Given data
• • • • •

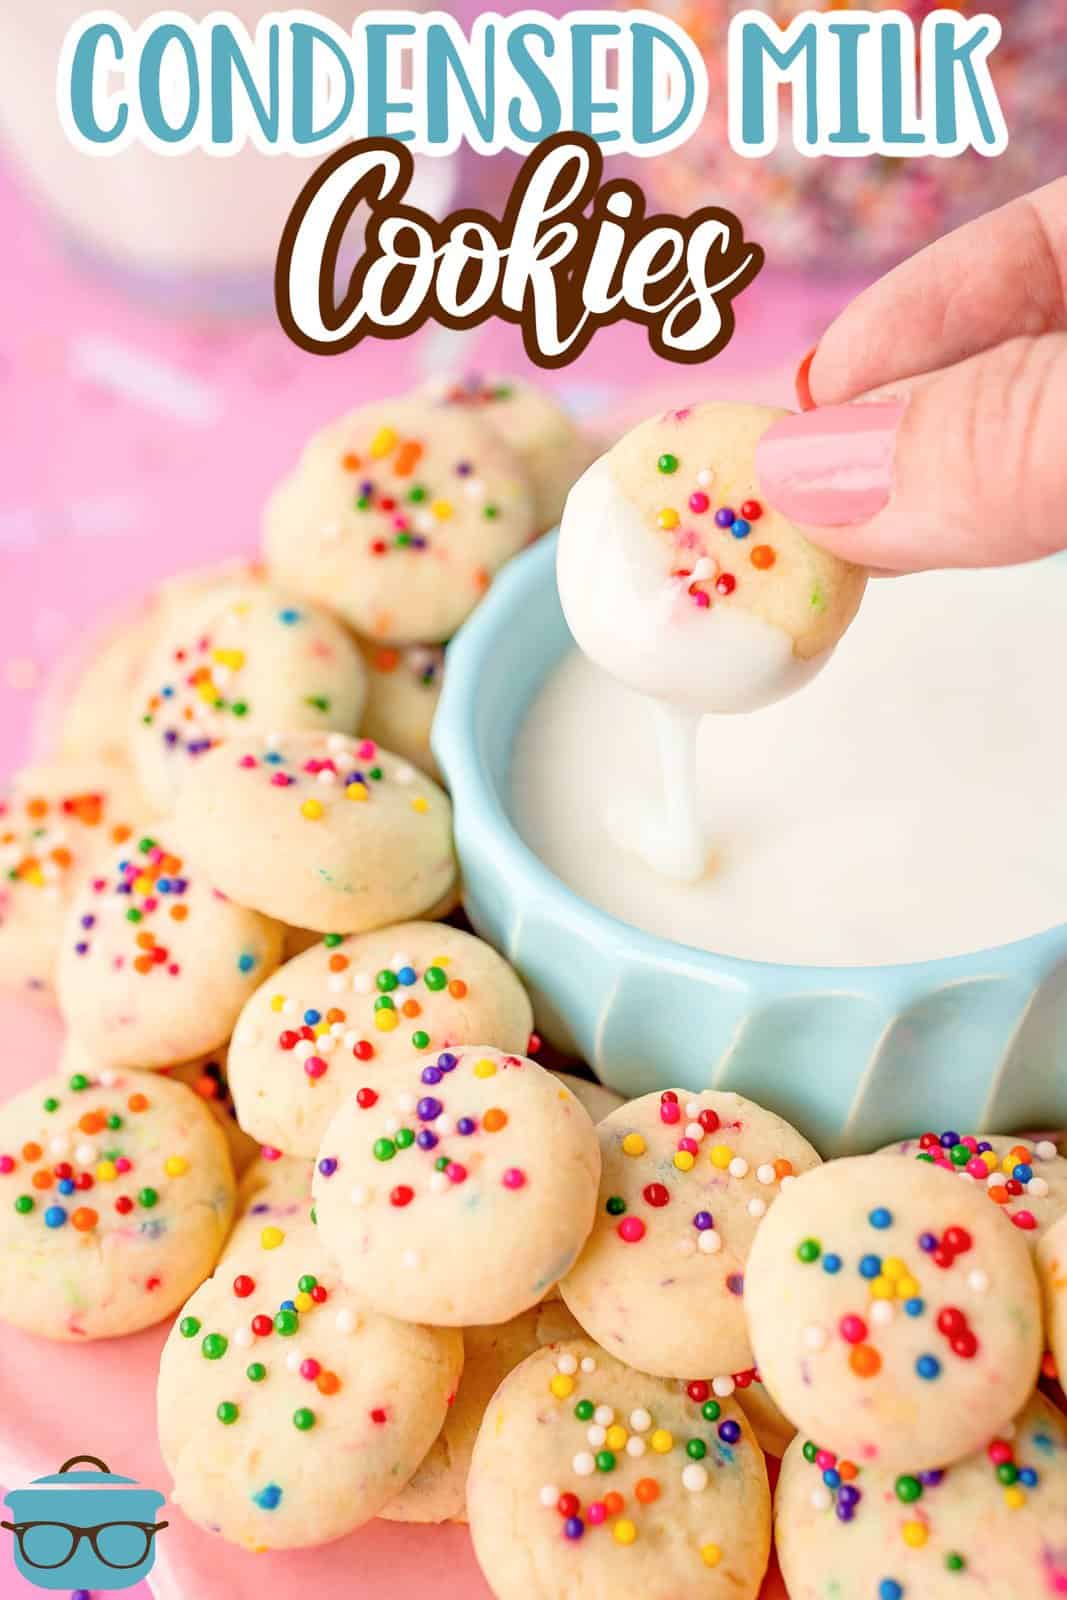 A hand dipping a cookie in a blue bowl of frosting.
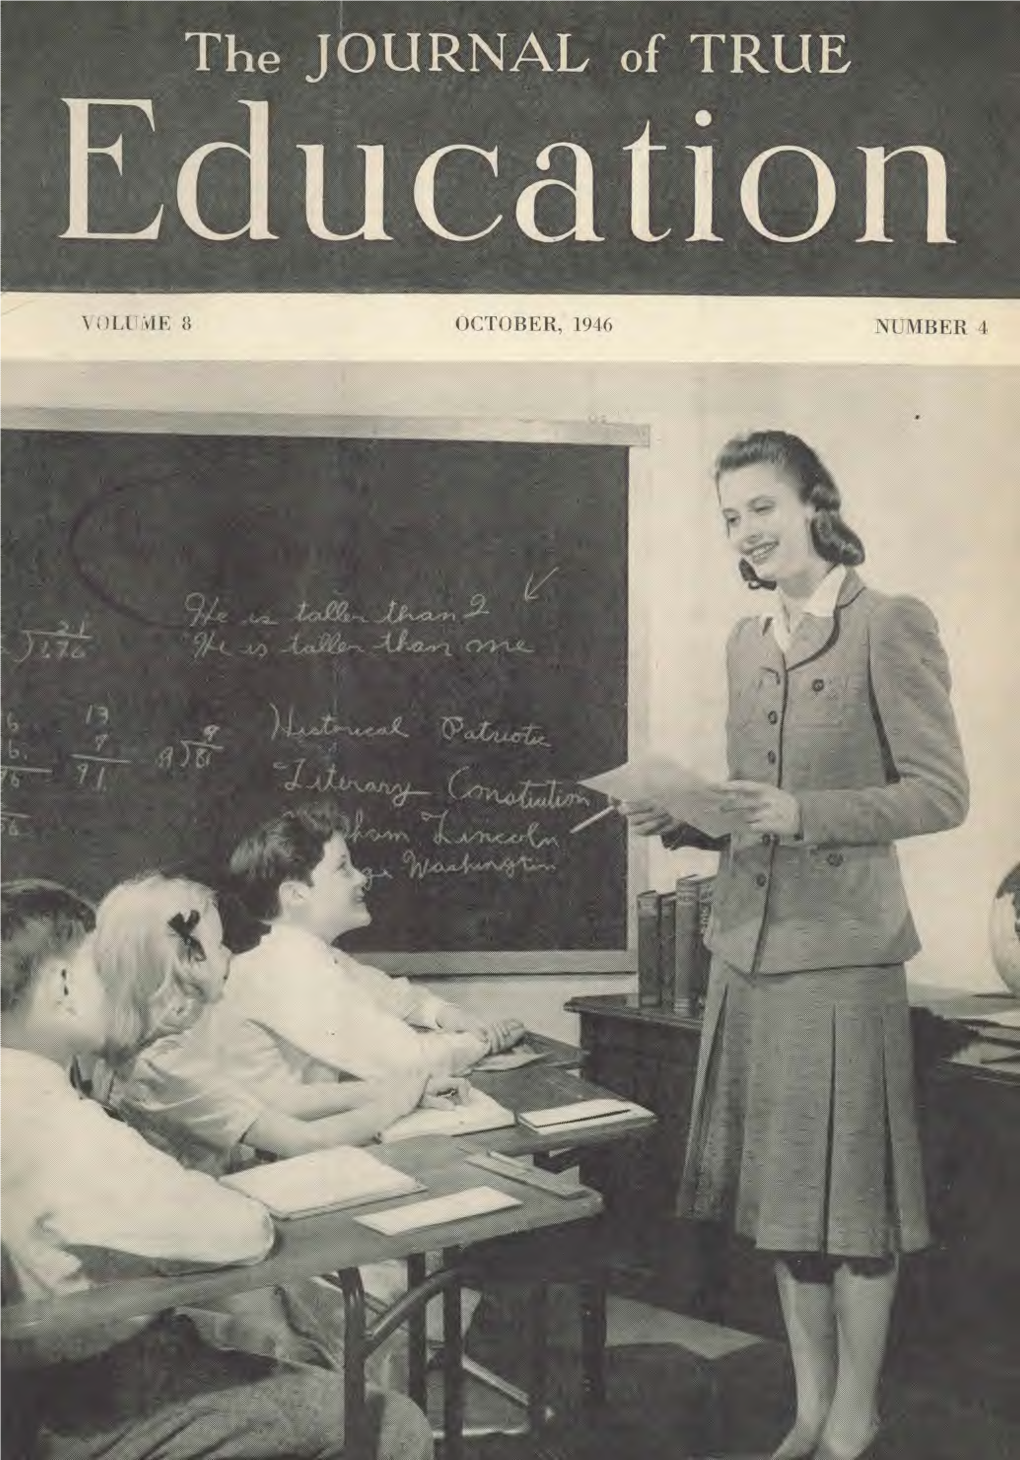 The Journal of True Education for 1946
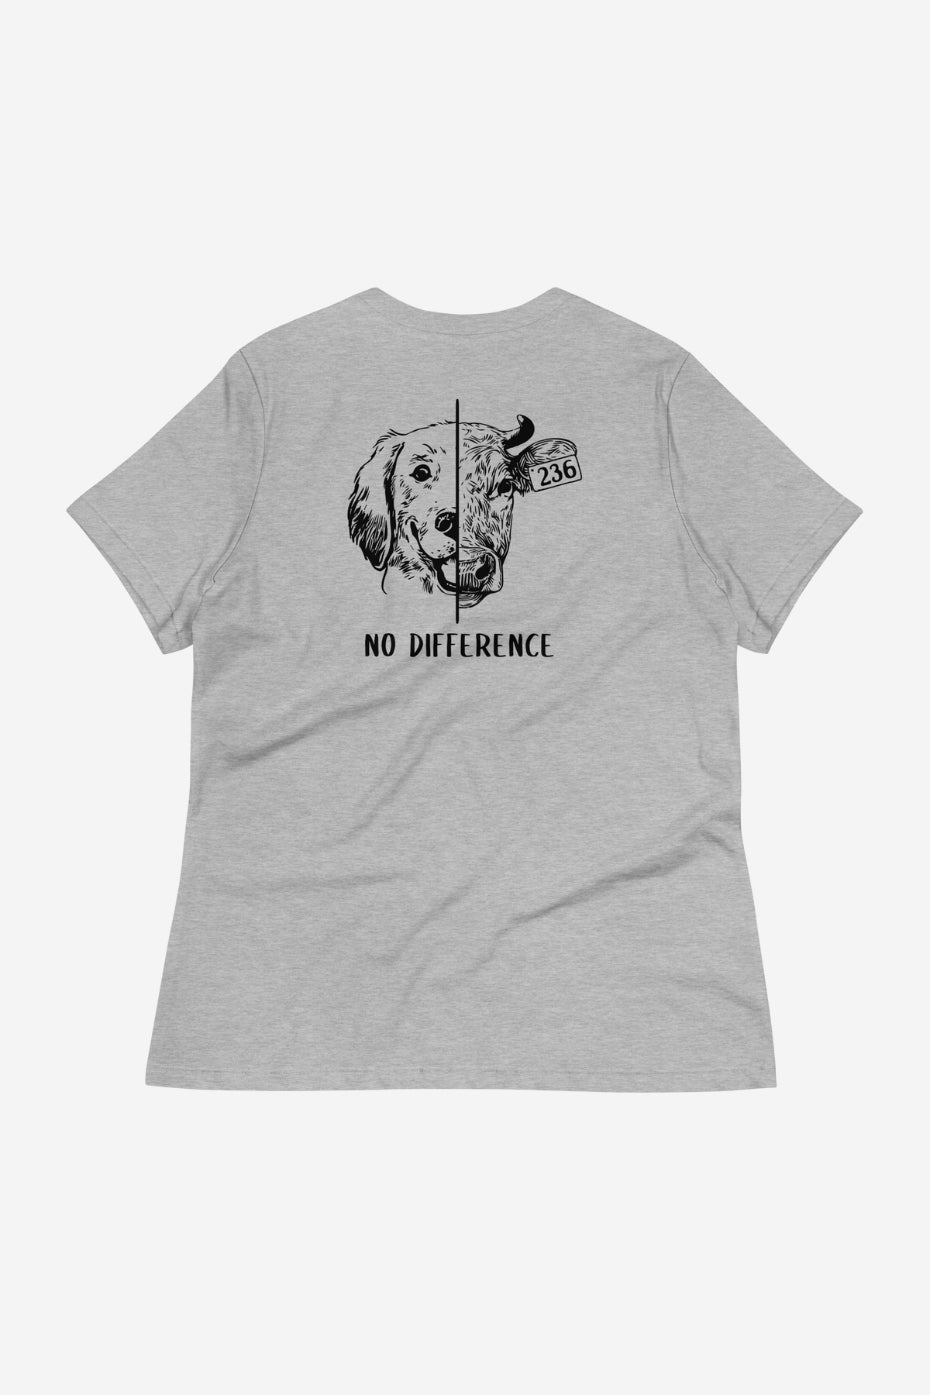 No Difference Women's Relaxed T-Shirt (Back Print)

• • • • •

Transcribe the listing above verbatim. Omit the pictures.

Result for this task
 A hand dipping a cookie in a blue bowl of frosting.
 The Journal of True Education for 1946
 No Difference Women's Relaxed T-Shirt (Back Print)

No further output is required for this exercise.